Beneath this line is the data. Output exactly the lines from the line with "blossom box's web page" to the line with "Kassir.Ru: Афиши и", both ends included, and nothing more.

►

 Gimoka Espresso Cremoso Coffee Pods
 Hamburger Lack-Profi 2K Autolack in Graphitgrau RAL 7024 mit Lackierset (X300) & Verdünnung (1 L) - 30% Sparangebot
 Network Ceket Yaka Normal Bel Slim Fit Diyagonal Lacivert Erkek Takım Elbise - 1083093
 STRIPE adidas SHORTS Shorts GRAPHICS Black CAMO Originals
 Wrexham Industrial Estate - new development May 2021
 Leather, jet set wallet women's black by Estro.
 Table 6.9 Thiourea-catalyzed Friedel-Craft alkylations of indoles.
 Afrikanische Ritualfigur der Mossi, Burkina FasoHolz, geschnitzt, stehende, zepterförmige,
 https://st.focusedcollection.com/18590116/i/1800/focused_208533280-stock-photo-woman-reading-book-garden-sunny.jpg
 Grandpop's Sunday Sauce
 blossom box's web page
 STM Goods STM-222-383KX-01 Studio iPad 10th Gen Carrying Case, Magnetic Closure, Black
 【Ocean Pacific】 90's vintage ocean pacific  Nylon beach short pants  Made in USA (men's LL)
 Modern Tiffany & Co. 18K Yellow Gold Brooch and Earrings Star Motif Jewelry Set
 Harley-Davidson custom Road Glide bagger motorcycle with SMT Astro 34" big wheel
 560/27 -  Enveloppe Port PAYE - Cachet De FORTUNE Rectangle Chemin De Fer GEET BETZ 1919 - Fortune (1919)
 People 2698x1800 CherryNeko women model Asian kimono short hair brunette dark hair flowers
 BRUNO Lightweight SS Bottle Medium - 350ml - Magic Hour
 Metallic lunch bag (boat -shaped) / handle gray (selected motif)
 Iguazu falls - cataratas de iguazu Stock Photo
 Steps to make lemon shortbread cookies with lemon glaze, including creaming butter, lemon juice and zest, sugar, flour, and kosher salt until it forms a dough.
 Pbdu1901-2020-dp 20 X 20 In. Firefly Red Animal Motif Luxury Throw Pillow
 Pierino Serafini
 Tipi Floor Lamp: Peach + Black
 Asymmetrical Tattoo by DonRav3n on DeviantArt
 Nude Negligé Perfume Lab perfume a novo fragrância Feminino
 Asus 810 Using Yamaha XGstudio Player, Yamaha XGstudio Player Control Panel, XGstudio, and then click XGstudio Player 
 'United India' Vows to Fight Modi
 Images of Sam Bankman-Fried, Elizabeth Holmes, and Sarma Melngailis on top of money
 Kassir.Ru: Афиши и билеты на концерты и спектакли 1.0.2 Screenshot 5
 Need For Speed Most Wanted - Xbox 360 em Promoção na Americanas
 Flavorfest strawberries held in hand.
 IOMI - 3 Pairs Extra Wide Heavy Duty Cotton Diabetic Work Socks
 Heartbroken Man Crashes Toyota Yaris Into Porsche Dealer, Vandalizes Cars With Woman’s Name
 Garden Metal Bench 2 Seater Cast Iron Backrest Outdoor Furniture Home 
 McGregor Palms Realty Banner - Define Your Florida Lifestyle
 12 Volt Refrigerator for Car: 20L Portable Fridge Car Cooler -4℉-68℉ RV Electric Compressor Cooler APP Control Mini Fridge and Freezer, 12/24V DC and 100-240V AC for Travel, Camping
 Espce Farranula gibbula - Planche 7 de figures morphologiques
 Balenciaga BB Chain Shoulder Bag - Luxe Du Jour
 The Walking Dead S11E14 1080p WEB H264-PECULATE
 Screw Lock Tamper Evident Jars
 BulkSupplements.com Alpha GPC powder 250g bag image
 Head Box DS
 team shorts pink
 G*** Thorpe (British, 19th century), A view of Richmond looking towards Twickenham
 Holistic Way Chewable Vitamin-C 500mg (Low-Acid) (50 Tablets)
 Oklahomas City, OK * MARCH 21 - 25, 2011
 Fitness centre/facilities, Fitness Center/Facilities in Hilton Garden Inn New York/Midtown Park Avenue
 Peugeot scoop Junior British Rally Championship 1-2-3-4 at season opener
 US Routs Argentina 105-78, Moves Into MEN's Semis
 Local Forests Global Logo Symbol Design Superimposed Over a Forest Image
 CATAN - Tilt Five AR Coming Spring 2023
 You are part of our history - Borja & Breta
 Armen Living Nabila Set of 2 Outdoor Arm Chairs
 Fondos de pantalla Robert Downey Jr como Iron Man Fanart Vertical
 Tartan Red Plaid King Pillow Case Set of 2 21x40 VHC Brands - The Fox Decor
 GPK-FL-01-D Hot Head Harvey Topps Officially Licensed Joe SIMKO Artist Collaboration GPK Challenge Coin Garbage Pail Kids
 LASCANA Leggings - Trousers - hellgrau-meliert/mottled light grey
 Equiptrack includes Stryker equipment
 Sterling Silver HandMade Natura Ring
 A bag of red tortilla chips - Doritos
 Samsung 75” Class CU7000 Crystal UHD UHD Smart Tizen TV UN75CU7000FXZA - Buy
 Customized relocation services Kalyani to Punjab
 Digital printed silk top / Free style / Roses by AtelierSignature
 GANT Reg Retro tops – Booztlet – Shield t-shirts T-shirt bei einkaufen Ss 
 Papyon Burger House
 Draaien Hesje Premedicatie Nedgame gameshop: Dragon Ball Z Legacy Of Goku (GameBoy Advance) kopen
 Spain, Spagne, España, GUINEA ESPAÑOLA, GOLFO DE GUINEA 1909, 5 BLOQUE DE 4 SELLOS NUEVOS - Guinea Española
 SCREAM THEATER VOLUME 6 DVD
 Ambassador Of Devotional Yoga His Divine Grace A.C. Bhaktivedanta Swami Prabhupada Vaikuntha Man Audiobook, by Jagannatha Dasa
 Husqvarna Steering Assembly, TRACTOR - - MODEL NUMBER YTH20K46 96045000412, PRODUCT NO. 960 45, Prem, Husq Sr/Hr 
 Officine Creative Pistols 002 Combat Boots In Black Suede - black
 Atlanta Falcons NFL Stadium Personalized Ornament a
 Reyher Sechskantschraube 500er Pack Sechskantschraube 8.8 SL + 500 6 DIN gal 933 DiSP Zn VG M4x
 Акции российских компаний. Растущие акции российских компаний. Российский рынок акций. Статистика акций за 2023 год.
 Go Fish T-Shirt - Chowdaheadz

◄

● **THE ANSWER**:
 blossom box's web page
 STM Goods STM-222-383KX-01 Studio iPad 10th Gen Carrying Case, Magnetic Closure, Black
 【Ocean Pacific】 90's vintage ocean pacific  Nylon beach short pants  Made in USA (men's LL)
 Modern Tiffany & Co. 18K Yellow Gold Brooch and Earrings Star Motif Jewelry Set
 Harley-Davidson custom Road Glide bagger motorcycle with SMT Astro 34" big wheel
 560/27 -  Enveloppe Port PAYE - Cachet De FORTUNE Rectangle Chemin De Fer GEET BETZ 1919 - Fortune (1919)
 People 2698x1800 CherryNeko women model Asian kimono short hair brunette dark hair flowers
 BRUNO Lightweight SS Bottle Medium - 350ml - Magic Hour
 Metallic lunch bag (boat -shaped) / handle gray (selected motif)
 Iguazu falls - cataratas de iguazu Stock Photo
 Steps to make lemon shortbread cookies with lemon glaze, including creaming butter, lemon juice and zest, sugar, flour, and kosher salt until it forms a dough.
 Pbdu1901-2020-dp 20 X 20 In. Firefly Red Animal Motif Luxury Throw Pillow
 Pierino Serafini
 Tipi Floor Lamp: Peach + Black
 Asymmetrical Tattoo by DonRav3n on DeviantArt
 Nude Negligé Perfume Lab perfume a novo fragrância Feminino
 Asus 810 Using Yamaha XGstudio Player, Yamaha XGstudio Player Control Panel, XGstudio, and then click XGstudio Player 
 'United India' Vows to Fight Modi
 Images of Sam Bankman-Fried, Elizabeth Holmes, and Sarma Melngailis on top of money
 Kassir.Ru: Афиши и билеты на концерты и спектакли 1.0.2 Screenshot 5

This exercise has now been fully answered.